Associate Professor Chao SunMarch 24, 2023 

BATON ROUGE, LA – As the climate warms, coastal areas are experiencing stronger winds, higher storm surges, and record rainfall during hurricane season. This is why hurricanes in recent years have become more destructive and costly.

LSU Civil and Environmental Engineering Associate Professor Chao Sun is using a $20,000 Board of Regents grant to design high-fidelity modeling to simulate wind surge and wave flows that will be important in resilient design of coastal buildings and infrastructure systems.

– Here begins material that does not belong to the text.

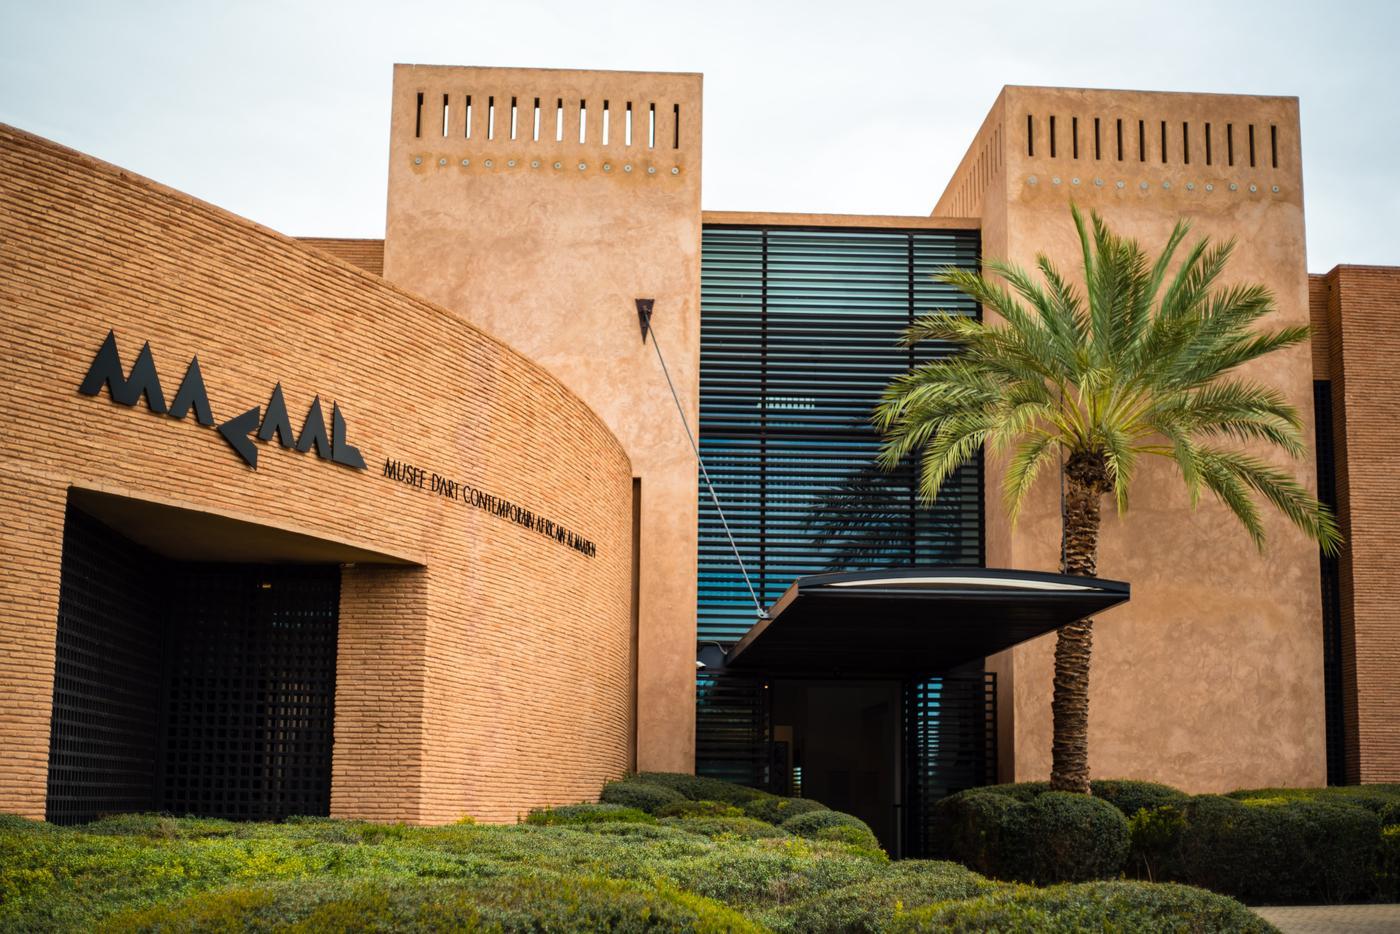 CNN offre à ses lecteurs un article sur le MACAAL de Marrakech
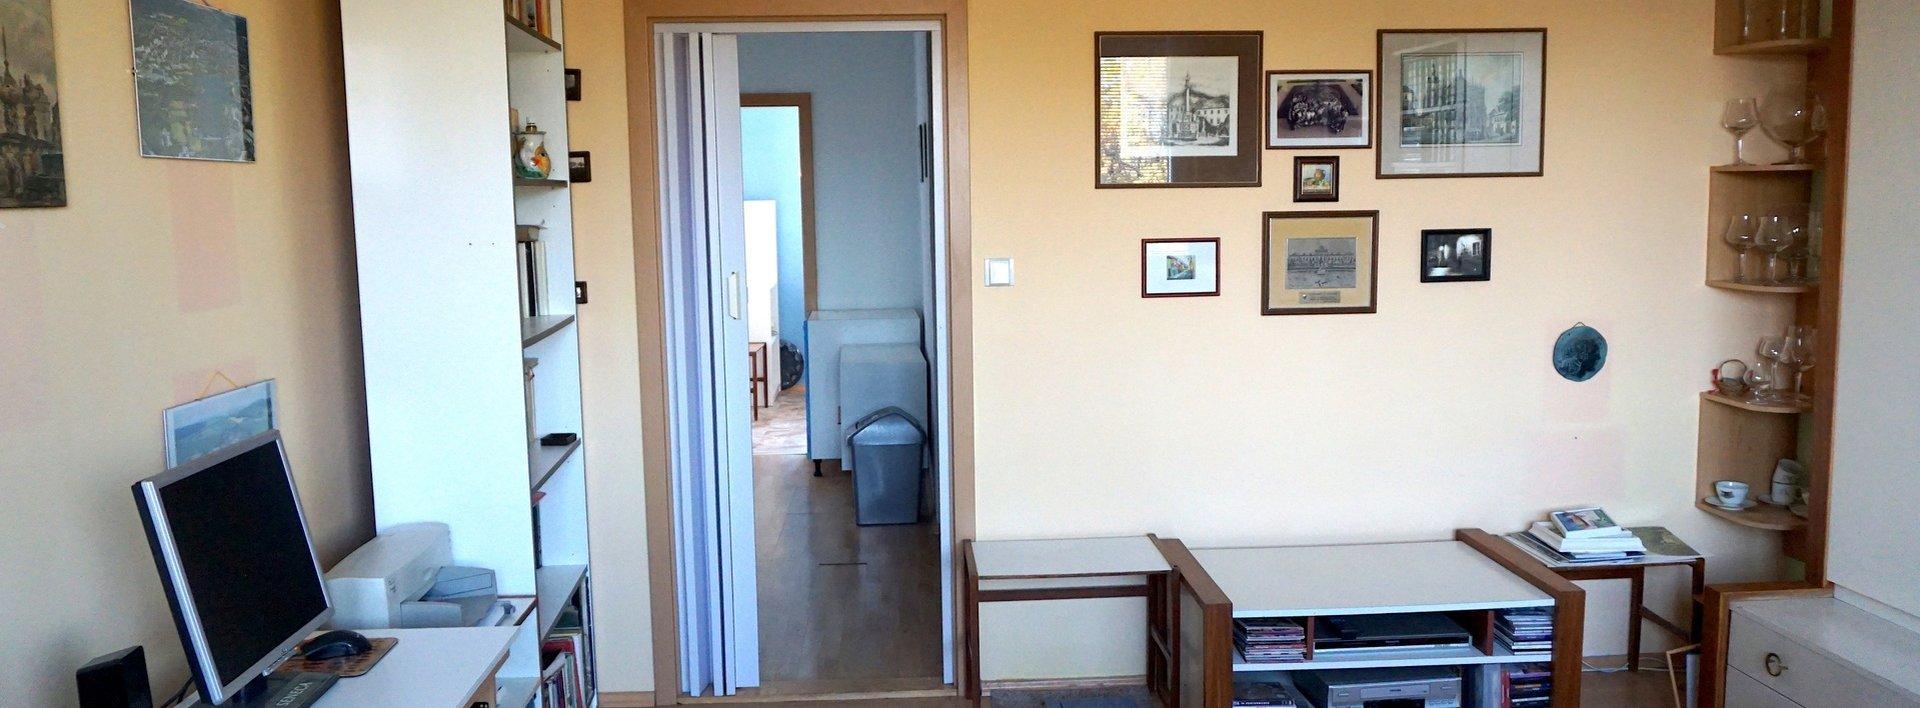 Prodej bytu 2+1, 56 m² - Jablonec n/N., Mšeno, ul. Pobřežní, Ev.č.: N47929

“This project aims to develop computational models to simulate the coupled extreme wind-wave flows to better understand the wind turbulences over waves and wind-driving effects on wave breaking,” Sun said. “Then, we can accurately quantify the joint wind-wave loading on coastal structures.”

Using OpenFOAM and large eddy simulation, Sun will research the development of a multi-phase flow model to simulate physically coupled and highly turbulent wind-surge-wave flows and quantify combined wind-surge-wave loading on elevated low-rise buildings via high-fidelity computational modeling.

“This is fundamental research that applies to locations with extreme winds, surge, and waves along the Gulf Coast and East Coast, which are hurricane-prone areas,” he said.

Sun has been a faculty member in the LSU College of Engineering since 2015, and his research areas include multi-hazards mitigation for coastal and offshore structures; vibration-based system identification and damage detection; and energy harvesting from ambient vibrations and oceans; among other dynamics-related areas.